The most successful piece of drama is before the speaking starts; as you walk into the theatre the actors are looping through a partially choreographed night club scene. In ten minutes early, we watched it through three or four times and started to recognise patterns: Hattie Patten-Chatfield (later playing Castiza) stands on a chair and dances, followed by a spotlight; Neil Tattersall (Spurio) break-dances, a second wait, everyone cheers, he walks over to the bar and is bought a drink. It sets the scene quite well, we are aware we are in a lascivious underworld and surrounded by characters driven by sex, drugs and alcohol. The music works at its best here, overpowering as we walk in and take our seats and exploiting the sound system to its full potential. The looping choreography changes on the last round though – I won’t ruining it – but it lurched me awake, the way they did this was a little harrowing. As an opening, it was very strong.
The production as a whole is fairly mixed. Machiavellian or characters dominate this play and some of them were brilliantly realised. Luke Broughton, Lussurioso, our hedonistic antagonist, is the most fun to watch of the main cast. He prances around the stage, enjoying himself until his death at the play’s climax. His performance is unfortunately more exciting than that of Jamie Smelt (Vindice), who delivers his lines well but whose stage presence is not a good foil to Broughton’s charisma. We are not really routing for him. Lussurioso’s equally villainous step-siblings played by Tatterstall, Anjali Vyas-Brannick (Ambitiosa), Sam Hill (Supervacuo) and Robbie Nestor (Junior) are also entertaining. Nestor’s performance is strong, unsettling at times, as an unrepentant rapist who walks towards his death with curses rather than apologies. His trial for his crime early on in the play is played up, showing the director’s ability to bring out darker aspects of the modern world with a dark play.
The women in the play are left how they are in the Jacobean drama – that is, commodified characters whose sole worth seems to be based on their state of virginity (especially Patten-Chatfield’s Castiza).

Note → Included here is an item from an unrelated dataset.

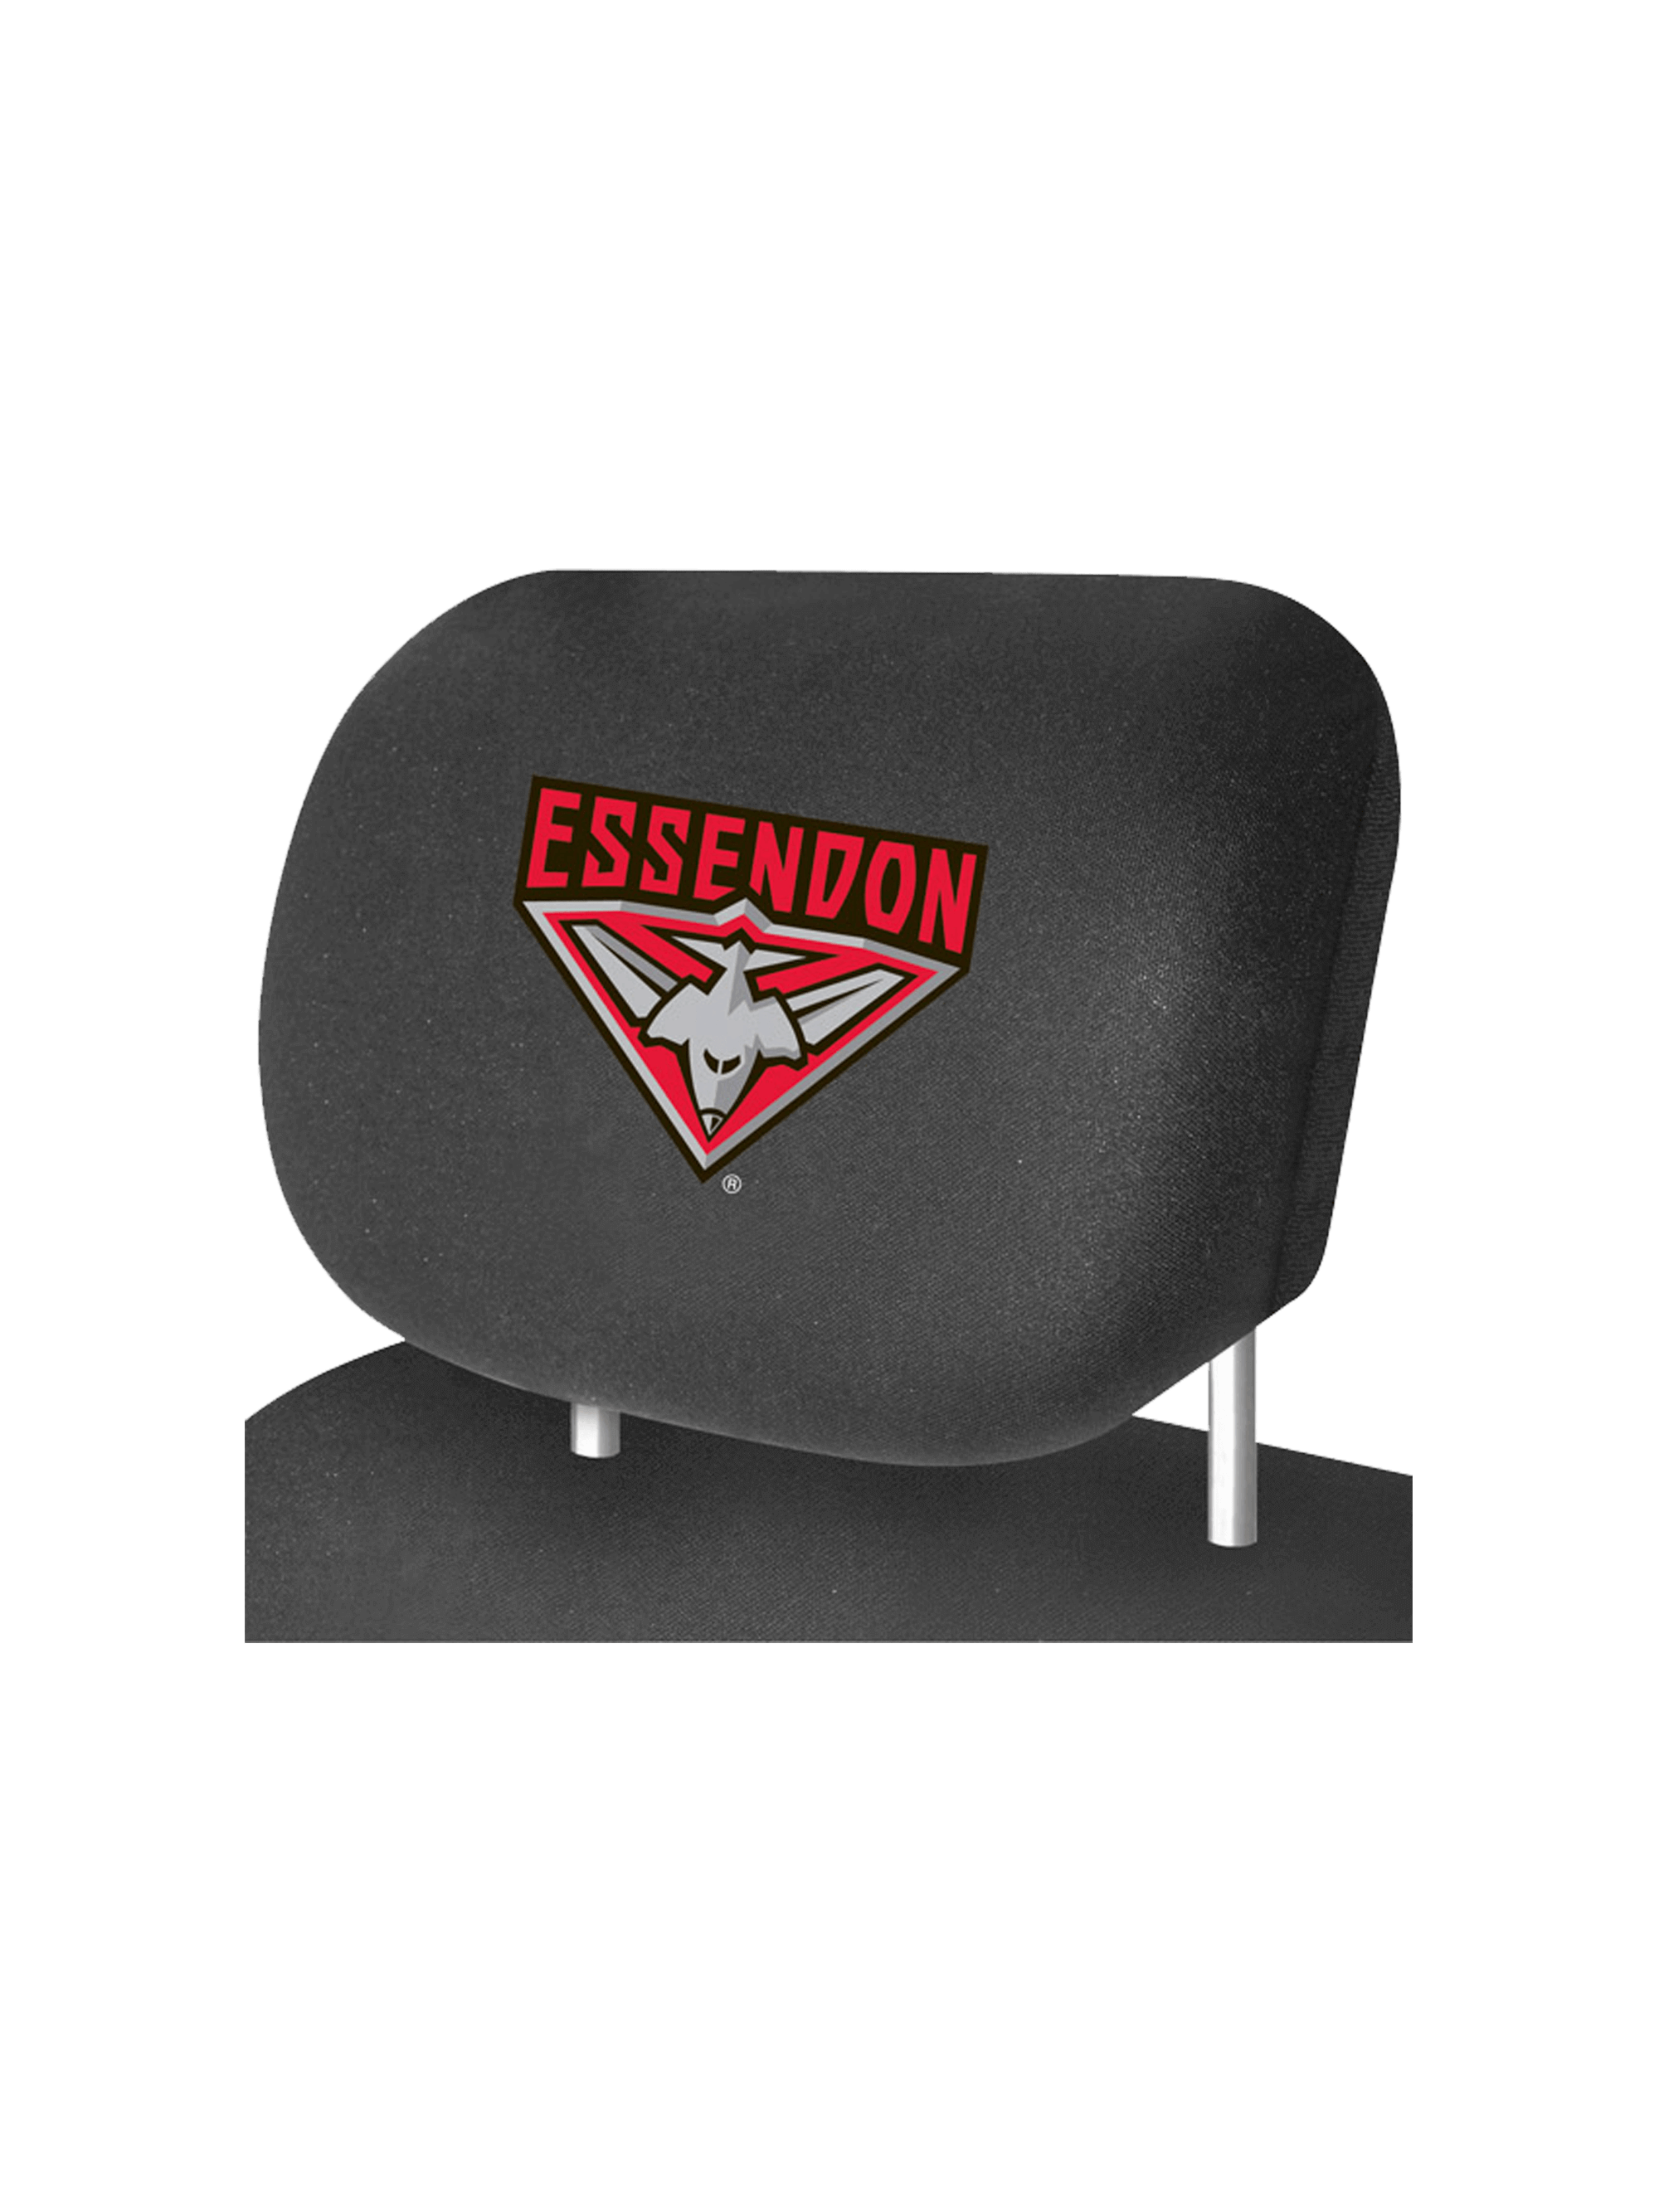 ESSENDON BOMBERS OFFICIAL HEADREST COVER_ESSENDON BOMBERS_STUBBY CLUB

Women cast in roles originally set out for men, such as Vyas-Brannick, helps update us a little to a modern dynamic, though the team does not try to cover up the play’s inherent misogyny. I was really impressed with the performance of Gratiana (Gemma Head) though; she took a difficult character and rather than making it comic made us pity her. The tensest moment in the second act was when her sons threaten to murder her; we really don’t want her to die and that is a testament to Head’s acting. Victoria Delaney took a different but also strong approach; her larger-than-life promiscuous duchess may have not roused our sympathies, but at least it didn’t hide the flaws in the text.
There were undeniably good aspects of this production and I did enjoy myself. There were moments when the modernisation was truly effective and the actors really shone. Not every experiment worked though and not everything was as polished as the opening moment.